Problem to solve:
Wherever a line below holds the word "Bild", copy that line.
------------------------------
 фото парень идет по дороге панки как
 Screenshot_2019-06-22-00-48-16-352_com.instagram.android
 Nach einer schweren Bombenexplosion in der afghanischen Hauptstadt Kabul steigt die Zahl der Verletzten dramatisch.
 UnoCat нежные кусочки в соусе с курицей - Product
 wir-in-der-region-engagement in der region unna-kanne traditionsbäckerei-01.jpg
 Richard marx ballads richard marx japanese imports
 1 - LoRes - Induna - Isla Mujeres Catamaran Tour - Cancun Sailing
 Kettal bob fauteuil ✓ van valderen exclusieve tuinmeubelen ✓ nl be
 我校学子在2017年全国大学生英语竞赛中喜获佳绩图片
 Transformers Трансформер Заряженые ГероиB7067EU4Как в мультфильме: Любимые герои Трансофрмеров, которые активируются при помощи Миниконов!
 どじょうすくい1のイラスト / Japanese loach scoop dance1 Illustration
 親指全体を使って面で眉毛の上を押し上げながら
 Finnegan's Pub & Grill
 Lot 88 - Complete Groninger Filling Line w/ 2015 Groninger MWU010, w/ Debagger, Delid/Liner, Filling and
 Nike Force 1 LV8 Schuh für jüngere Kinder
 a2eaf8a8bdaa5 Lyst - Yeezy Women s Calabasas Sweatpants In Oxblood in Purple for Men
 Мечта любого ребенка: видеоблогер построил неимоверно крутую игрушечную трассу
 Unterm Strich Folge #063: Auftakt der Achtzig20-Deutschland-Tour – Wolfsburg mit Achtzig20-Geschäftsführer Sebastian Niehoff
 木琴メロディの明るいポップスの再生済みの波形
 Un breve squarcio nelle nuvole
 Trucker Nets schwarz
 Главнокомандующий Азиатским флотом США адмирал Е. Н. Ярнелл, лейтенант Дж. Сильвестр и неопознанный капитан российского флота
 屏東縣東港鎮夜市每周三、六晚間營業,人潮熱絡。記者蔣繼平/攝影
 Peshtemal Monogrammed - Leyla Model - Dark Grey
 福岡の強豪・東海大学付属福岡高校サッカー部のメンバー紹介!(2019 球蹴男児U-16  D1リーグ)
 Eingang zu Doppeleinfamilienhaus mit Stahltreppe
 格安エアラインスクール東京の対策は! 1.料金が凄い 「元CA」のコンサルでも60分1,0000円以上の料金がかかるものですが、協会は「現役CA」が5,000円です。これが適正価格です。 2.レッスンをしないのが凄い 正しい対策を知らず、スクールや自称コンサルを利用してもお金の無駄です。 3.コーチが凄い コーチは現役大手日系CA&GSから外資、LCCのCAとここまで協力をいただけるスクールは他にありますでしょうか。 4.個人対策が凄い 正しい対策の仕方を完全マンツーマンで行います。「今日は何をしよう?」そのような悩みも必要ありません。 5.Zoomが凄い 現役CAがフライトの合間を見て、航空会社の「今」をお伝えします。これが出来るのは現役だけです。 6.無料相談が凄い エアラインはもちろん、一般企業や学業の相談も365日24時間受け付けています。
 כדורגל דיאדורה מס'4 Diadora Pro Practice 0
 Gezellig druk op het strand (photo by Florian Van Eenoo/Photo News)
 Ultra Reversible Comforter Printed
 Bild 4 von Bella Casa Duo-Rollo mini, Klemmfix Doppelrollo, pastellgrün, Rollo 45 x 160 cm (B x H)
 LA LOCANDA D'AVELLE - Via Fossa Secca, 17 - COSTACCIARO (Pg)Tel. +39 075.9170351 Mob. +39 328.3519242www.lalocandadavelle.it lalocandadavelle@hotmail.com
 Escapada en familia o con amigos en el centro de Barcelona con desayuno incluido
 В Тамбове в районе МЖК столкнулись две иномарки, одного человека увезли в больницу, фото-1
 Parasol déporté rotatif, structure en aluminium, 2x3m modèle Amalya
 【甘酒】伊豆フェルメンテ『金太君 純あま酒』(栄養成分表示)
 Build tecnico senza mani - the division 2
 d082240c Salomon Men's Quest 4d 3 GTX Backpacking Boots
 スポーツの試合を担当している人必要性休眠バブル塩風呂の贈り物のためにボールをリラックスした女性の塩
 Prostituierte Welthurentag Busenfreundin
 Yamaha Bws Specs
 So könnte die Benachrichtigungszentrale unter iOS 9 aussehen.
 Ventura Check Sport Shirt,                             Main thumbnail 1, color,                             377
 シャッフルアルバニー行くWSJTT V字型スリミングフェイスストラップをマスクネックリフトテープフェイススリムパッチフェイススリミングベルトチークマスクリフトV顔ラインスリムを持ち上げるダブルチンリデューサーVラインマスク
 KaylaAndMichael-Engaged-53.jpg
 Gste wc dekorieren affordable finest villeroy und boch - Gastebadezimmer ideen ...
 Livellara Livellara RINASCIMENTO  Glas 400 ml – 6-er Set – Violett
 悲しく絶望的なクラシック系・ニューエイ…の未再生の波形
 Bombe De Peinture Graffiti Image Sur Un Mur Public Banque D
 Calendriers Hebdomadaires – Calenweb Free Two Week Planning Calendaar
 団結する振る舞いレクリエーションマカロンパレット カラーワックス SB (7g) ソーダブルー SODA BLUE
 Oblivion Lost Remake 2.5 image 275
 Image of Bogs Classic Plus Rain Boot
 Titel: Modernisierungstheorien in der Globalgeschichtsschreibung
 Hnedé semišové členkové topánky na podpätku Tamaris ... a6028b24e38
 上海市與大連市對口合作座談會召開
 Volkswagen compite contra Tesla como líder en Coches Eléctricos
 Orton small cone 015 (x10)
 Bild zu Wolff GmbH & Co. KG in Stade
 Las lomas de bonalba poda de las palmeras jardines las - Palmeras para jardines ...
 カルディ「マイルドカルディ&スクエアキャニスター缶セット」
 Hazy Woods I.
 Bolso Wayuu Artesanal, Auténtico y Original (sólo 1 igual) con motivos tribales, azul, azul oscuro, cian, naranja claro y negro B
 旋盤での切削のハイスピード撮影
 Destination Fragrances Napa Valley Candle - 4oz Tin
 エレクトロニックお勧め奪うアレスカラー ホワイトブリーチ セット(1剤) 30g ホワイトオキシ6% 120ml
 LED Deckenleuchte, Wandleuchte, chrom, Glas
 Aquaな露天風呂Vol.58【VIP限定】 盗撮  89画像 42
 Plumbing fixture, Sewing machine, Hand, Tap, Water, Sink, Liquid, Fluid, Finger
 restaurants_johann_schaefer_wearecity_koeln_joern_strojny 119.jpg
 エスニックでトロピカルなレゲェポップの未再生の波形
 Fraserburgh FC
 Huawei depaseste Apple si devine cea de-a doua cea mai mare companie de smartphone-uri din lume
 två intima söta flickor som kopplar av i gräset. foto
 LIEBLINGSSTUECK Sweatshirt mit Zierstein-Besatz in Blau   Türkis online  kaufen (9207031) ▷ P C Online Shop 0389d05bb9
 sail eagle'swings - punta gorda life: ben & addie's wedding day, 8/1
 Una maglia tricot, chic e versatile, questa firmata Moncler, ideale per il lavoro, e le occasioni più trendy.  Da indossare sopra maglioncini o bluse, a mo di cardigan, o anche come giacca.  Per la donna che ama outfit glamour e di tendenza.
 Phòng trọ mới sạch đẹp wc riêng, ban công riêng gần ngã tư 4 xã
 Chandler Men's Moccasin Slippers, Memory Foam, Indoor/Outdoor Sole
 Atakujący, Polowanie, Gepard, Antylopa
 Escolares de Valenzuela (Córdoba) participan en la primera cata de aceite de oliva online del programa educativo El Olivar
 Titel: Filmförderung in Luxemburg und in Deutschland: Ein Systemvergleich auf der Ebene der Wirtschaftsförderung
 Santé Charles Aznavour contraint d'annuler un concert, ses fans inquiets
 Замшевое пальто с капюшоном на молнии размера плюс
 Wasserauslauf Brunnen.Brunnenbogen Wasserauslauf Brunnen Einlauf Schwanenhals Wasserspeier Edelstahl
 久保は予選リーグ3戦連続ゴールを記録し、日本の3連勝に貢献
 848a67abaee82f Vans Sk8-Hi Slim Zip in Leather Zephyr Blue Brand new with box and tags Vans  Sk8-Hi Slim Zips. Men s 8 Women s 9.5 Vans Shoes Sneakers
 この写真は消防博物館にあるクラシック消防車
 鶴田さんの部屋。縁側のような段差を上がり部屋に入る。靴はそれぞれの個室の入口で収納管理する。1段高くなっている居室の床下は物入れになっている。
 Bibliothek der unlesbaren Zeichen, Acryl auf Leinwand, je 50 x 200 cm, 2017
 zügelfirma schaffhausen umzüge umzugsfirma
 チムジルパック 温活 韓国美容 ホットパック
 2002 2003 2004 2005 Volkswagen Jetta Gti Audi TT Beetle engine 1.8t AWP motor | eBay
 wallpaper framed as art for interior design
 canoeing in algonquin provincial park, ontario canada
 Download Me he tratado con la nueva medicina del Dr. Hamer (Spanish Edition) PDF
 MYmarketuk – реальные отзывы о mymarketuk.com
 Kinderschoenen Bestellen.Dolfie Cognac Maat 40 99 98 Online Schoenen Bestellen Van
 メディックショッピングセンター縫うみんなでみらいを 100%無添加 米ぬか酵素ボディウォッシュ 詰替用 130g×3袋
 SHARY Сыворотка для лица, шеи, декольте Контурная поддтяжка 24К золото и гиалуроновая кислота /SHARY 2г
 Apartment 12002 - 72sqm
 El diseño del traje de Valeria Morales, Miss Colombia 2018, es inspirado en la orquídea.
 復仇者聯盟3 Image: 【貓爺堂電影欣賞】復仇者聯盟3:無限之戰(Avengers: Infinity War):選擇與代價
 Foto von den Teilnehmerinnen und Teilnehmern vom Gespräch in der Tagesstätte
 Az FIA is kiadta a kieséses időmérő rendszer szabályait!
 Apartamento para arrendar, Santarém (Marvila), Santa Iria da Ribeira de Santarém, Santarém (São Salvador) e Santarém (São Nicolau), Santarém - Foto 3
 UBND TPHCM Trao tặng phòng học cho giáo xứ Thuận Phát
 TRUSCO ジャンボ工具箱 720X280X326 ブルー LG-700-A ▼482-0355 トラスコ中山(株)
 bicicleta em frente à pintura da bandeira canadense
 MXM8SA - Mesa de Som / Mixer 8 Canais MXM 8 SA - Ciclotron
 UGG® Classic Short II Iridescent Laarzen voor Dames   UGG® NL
------------------------------
Problem solution:
 Bild 4 von Bella Casa Duo-Rollo mini, Klemmfix Doppelrollo, pastellgrün, Rollo 45 x 160 cm (B x H)
 Bild zu Wolff GmbH & Co. KG in Stade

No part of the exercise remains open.